[Opening RECORDS FOR PROCESSING section]
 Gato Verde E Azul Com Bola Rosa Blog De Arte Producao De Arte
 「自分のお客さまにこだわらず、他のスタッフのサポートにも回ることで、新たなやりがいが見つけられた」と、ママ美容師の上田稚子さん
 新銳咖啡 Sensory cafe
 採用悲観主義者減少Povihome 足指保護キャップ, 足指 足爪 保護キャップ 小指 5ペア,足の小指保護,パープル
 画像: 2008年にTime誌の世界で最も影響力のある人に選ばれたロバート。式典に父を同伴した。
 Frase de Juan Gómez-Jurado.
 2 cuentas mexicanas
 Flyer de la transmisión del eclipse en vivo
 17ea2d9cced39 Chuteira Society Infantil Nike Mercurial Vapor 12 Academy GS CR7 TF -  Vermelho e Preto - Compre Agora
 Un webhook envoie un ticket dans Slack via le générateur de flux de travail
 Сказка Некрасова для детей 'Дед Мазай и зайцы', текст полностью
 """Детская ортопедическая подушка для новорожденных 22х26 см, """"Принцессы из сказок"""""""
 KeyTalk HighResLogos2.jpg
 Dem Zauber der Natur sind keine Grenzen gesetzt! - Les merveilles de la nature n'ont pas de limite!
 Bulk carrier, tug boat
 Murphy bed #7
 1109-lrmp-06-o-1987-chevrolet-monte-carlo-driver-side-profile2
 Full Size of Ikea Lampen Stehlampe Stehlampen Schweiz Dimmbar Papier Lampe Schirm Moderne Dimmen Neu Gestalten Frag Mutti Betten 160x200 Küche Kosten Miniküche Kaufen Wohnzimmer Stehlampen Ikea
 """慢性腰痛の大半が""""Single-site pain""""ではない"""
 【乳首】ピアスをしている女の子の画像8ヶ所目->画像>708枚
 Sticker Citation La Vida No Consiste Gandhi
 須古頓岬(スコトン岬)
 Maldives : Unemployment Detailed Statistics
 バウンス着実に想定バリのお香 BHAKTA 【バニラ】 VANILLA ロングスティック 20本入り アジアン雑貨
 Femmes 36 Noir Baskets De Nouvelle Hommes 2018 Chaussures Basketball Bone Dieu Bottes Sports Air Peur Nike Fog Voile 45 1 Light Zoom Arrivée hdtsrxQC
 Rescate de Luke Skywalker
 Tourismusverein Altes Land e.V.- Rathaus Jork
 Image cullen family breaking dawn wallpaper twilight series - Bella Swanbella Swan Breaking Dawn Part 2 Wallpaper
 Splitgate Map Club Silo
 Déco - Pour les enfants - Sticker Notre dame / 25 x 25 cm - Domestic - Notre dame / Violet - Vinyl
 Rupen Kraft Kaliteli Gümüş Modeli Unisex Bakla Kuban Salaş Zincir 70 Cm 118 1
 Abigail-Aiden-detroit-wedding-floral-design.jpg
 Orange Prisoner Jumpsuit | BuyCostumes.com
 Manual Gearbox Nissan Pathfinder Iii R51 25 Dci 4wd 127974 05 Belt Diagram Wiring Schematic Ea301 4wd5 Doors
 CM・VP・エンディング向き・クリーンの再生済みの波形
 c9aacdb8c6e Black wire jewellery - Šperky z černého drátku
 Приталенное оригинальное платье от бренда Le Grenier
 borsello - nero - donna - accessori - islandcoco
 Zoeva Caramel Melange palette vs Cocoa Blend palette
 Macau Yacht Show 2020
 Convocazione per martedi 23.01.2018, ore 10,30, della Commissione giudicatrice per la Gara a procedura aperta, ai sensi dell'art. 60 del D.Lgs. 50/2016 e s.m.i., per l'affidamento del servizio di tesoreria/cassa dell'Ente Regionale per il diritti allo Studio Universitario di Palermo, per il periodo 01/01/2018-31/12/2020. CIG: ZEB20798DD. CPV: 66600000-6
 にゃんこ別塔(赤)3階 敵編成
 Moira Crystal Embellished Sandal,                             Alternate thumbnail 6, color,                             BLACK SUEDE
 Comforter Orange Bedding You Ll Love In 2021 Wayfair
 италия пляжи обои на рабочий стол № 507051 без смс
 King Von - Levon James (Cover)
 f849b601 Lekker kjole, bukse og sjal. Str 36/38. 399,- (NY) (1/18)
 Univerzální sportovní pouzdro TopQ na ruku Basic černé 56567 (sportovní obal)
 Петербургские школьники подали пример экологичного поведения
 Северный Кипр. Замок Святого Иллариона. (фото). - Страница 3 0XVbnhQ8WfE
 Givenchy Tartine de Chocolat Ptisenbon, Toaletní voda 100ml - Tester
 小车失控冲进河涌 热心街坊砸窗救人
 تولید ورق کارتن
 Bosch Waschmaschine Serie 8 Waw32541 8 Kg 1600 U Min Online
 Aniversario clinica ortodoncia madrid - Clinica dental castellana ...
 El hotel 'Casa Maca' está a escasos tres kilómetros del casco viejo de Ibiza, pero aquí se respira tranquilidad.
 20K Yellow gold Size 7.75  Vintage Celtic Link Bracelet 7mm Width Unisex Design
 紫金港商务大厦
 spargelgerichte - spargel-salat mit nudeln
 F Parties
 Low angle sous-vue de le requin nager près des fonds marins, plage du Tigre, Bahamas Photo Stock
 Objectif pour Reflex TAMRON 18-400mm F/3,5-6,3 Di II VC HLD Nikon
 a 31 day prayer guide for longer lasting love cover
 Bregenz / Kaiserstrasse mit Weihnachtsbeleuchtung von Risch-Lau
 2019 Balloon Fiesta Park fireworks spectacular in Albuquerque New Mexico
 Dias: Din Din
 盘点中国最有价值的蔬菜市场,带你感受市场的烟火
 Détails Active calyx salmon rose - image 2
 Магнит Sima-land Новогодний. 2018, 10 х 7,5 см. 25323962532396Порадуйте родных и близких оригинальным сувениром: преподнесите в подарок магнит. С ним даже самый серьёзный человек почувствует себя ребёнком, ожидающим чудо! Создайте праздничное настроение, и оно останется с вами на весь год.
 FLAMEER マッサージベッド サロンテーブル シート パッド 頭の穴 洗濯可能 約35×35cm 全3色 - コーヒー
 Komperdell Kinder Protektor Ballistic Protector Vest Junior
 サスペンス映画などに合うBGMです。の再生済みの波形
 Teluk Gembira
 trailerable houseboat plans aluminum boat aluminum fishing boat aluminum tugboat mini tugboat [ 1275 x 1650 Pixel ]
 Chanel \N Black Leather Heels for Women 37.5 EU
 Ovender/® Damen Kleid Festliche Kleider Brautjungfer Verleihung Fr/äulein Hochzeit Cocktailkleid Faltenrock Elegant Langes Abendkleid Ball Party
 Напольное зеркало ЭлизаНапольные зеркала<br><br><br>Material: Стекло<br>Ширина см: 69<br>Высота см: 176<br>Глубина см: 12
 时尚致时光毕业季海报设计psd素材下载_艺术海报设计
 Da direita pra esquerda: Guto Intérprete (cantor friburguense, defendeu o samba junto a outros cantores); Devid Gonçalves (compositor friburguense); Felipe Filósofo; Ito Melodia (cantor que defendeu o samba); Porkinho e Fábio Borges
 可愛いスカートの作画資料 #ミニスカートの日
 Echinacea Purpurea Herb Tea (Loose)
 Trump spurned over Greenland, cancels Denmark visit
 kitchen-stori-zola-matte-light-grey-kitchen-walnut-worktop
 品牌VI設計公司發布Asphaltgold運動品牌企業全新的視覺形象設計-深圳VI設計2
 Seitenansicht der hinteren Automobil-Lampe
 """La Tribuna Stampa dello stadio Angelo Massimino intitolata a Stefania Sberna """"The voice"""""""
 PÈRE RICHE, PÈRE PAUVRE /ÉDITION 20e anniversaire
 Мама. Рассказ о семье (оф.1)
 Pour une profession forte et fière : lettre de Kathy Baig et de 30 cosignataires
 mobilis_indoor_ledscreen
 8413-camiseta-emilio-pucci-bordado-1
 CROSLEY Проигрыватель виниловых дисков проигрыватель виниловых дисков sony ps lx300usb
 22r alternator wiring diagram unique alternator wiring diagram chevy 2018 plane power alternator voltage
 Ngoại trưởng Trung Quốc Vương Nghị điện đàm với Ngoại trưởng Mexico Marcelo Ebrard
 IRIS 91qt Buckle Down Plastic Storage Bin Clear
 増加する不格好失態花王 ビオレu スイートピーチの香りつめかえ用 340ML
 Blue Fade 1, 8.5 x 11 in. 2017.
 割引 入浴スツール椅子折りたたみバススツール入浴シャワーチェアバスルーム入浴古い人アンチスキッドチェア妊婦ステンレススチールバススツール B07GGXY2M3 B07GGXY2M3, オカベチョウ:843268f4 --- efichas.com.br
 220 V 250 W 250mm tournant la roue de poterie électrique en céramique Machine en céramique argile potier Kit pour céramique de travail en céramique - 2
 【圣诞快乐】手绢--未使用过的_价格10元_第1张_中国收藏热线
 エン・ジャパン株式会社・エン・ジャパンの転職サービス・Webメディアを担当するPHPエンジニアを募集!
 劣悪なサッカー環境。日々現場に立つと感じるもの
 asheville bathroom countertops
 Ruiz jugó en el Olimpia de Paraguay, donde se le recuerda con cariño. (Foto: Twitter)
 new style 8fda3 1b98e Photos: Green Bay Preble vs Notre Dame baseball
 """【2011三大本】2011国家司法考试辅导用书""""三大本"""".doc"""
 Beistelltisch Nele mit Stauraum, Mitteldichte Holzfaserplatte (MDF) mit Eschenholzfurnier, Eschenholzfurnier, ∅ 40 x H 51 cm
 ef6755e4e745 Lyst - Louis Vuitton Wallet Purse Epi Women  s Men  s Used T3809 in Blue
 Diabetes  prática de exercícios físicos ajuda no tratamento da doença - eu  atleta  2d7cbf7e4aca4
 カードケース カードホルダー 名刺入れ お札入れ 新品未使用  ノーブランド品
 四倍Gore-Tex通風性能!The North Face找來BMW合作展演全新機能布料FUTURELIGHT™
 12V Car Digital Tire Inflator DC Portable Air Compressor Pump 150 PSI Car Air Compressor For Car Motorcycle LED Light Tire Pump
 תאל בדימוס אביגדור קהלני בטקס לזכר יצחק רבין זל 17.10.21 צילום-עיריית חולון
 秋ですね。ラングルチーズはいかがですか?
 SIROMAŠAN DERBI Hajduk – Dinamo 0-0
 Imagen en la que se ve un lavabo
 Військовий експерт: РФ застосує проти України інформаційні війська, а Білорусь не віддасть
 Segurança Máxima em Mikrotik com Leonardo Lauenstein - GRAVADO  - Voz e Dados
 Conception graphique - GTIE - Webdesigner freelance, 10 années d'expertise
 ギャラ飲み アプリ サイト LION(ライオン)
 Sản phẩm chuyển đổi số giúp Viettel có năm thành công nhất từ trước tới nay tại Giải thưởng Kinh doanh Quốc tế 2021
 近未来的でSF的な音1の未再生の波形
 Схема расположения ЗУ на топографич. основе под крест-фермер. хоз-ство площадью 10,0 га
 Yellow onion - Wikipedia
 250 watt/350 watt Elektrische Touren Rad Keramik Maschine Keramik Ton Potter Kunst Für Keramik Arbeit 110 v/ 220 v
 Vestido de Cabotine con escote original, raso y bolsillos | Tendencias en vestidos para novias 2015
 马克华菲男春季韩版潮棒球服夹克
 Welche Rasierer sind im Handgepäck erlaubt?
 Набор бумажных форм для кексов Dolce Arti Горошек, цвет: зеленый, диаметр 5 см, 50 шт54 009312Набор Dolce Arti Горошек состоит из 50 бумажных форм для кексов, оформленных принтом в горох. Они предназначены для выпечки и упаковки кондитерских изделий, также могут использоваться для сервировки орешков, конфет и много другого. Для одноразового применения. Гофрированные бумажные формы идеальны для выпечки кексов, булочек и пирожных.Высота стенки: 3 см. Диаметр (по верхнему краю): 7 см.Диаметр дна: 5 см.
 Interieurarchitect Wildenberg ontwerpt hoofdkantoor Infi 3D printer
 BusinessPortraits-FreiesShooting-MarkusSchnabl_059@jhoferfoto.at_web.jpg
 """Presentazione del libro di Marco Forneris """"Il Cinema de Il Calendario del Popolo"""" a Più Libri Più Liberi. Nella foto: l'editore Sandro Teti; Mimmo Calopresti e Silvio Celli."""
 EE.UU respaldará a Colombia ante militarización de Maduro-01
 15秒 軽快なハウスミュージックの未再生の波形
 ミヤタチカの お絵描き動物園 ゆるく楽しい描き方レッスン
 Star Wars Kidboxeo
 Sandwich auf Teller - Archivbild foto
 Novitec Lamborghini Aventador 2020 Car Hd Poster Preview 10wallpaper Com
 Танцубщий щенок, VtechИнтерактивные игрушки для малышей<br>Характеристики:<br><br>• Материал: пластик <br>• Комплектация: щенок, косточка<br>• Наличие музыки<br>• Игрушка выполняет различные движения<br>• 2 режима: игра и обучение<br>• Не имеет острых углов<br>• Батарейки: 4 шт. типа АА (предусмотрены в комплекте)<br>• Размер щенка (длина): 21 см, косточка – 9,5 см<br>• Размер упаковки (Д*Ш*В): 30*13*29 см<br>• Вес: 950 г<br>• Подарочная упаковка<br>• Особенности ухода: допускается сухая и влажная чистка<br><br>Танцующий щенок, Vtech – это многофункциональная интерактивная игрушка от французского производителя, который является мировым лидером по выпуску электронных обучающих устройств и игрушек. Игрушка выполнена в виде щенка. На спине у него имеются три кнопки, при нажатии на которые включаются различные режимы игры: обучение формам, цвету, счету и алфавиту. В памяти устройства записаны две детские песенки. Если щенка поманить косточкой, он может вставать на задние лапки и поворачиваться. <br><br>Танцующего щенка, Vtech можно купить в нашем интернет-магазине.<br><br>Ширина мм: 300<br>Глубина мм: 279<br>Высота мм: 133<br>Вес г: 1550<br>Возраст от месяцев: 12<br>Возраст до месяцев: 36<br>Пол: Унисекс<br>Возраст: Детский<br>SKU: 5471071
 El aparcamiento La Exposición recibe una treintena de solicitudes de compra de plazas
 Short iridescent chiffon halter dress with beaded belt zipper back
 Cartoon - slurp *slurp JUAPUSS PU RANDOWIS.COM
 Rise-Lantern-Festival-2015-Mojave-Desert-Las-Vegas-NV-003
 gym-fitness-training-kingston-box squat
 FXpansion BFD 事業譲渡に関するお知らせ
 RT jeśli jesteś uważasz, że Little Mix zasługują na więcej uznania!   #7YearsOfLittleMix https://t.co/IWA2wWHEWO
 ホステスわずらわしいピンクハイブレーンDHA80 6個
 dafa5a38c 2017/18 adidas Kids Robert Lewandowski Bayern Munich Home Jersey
[Closing RECORDS FOR PROCESSING section]
EXERCISE GOAL >> Return the lines above that include the string "Mexico".

EXERCISE RESULT >>
 2019 Balloon Fiesta Park fireworks spectacular in Albuquerque New Mexico
 Ngoại trưởng Trung Quốc Vương Nghị điện đàm với Ngoại trưởng Mexico Marcelo Ebrard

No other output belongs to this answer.